**Problem details**
Restate exactly, and only, the lines from the one with "Hyundai HYSP1100CD Electric" through the end of the data, with both of those end lines kept. Drop any pictures.
---- Provided data
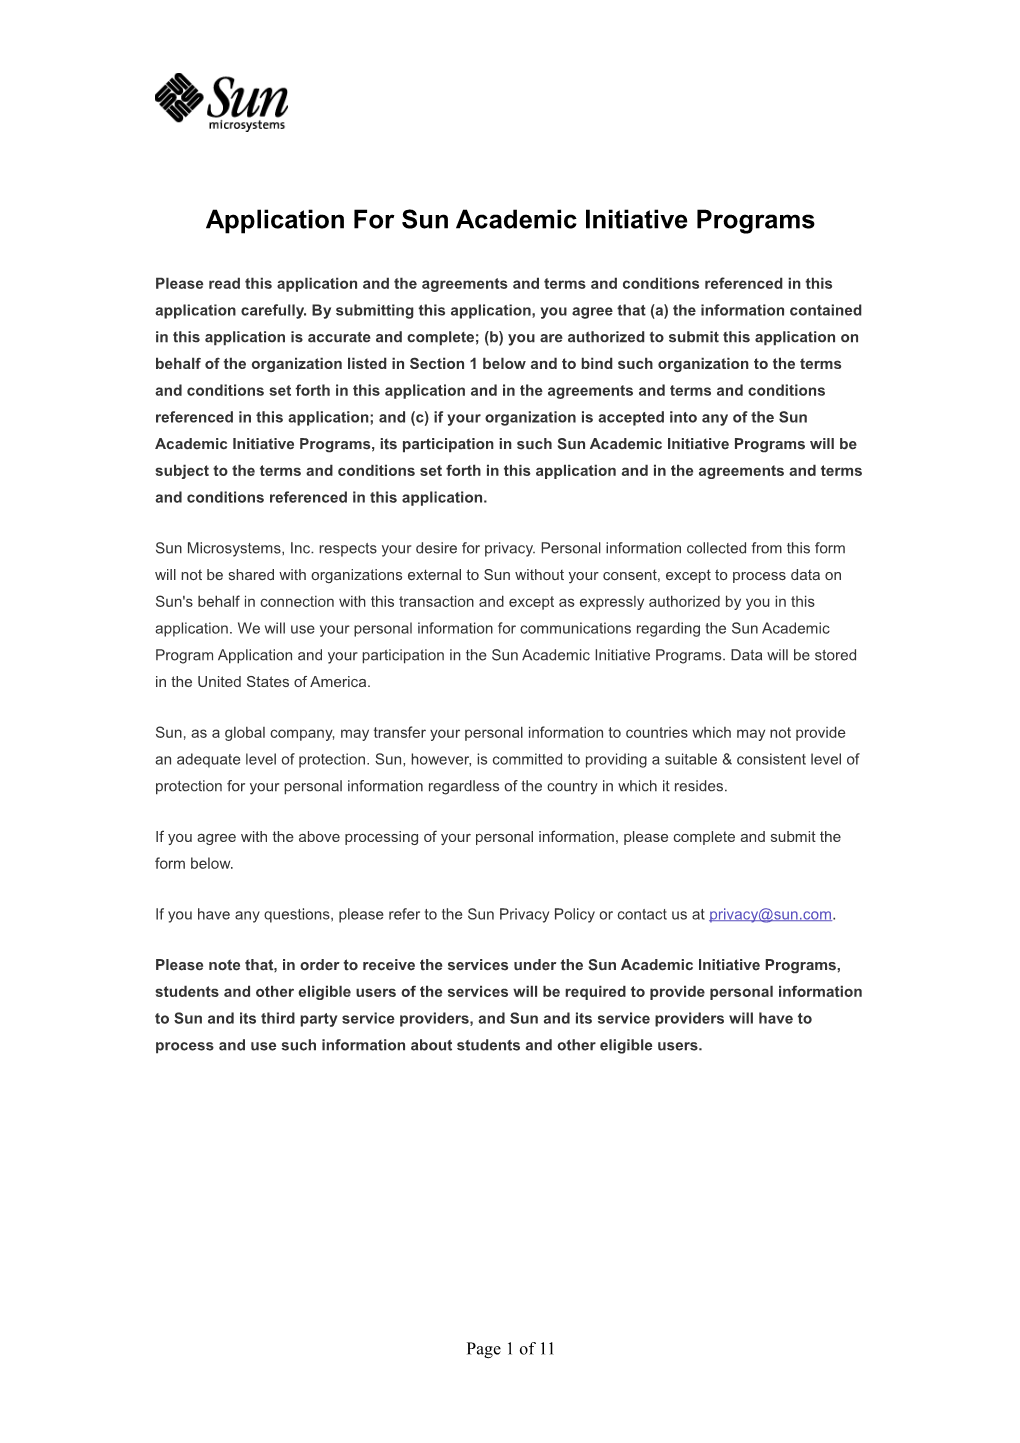 Application for Sun Academic Initiative Programs
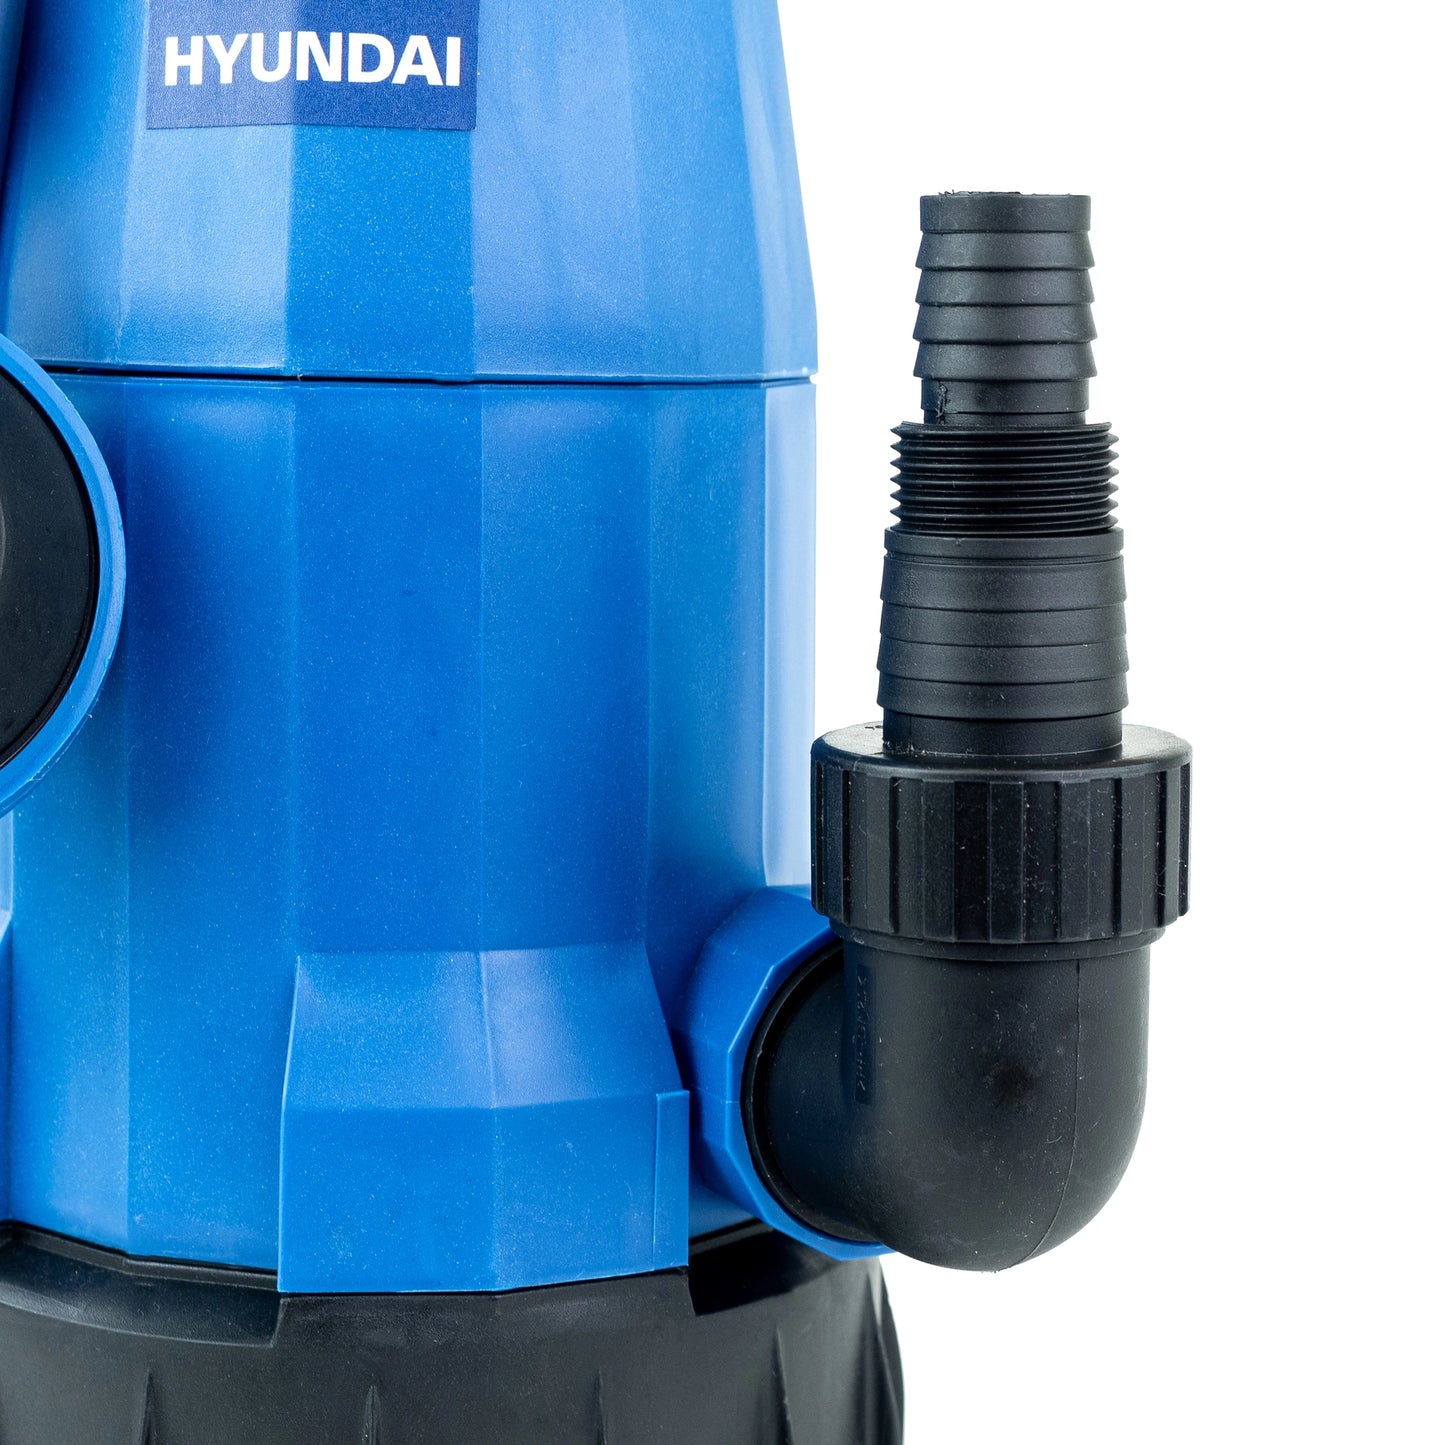 Hyundai HYSP1100CD Electric Clean & Dirty Water Submersible Pump
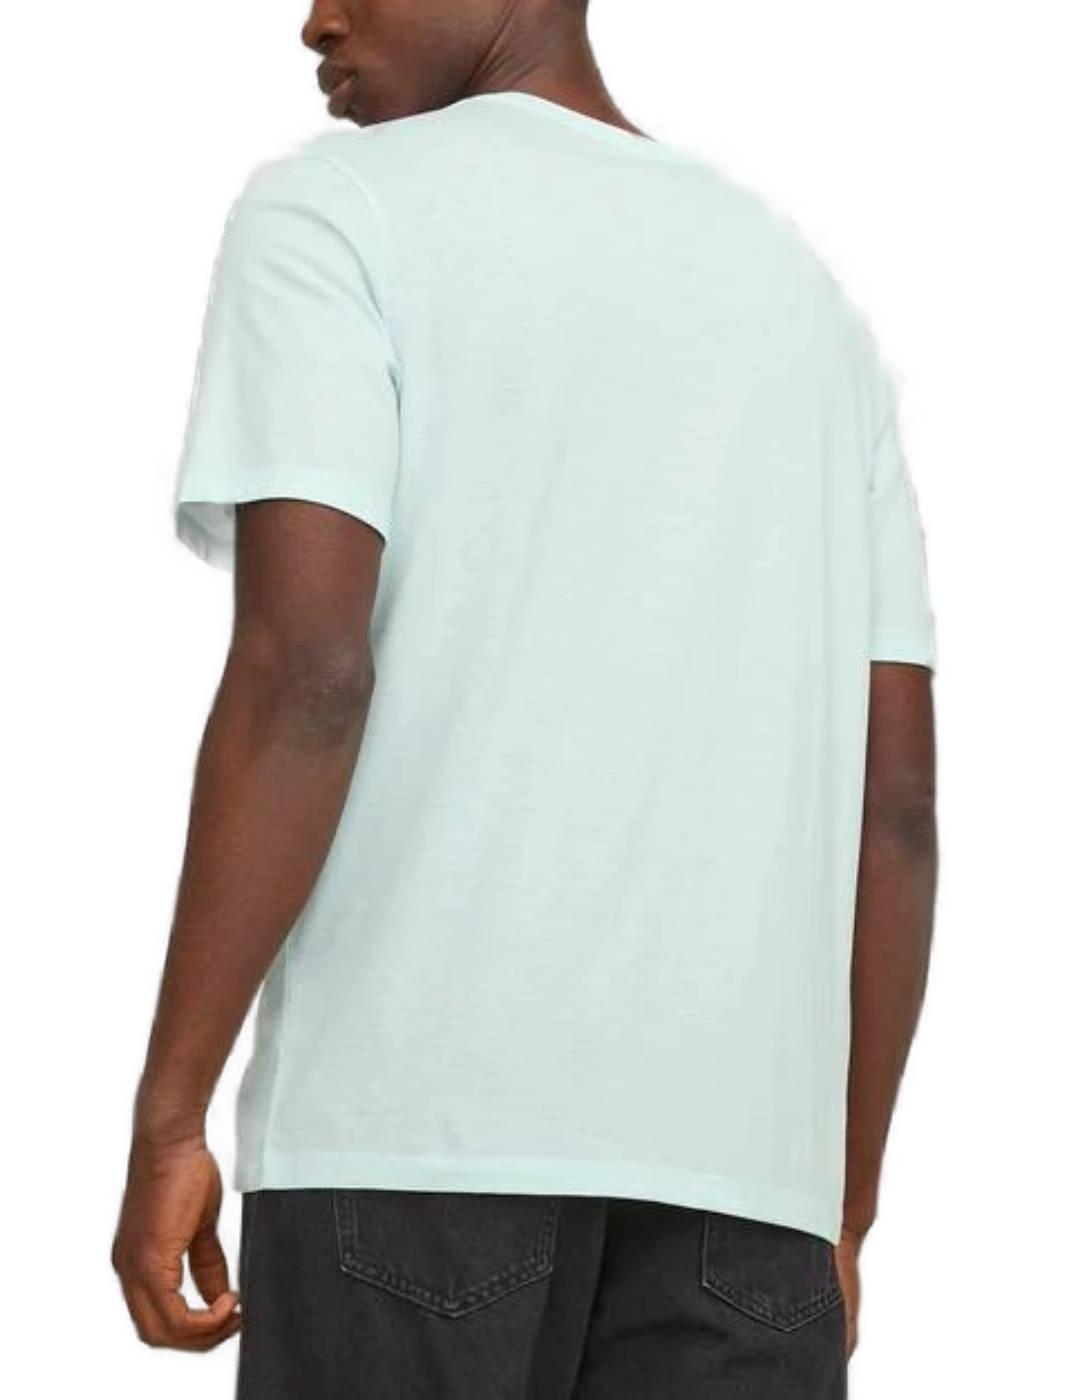 Camiseta Jack&Jones Logo celeste manga corta para hombre
--------
**The completed task**
 Hyundai HYSP1100CD Electric Clean & Dirty Water Submersible Pump
 Camiseta Jack&Jones Logo celeste manga corta para hombre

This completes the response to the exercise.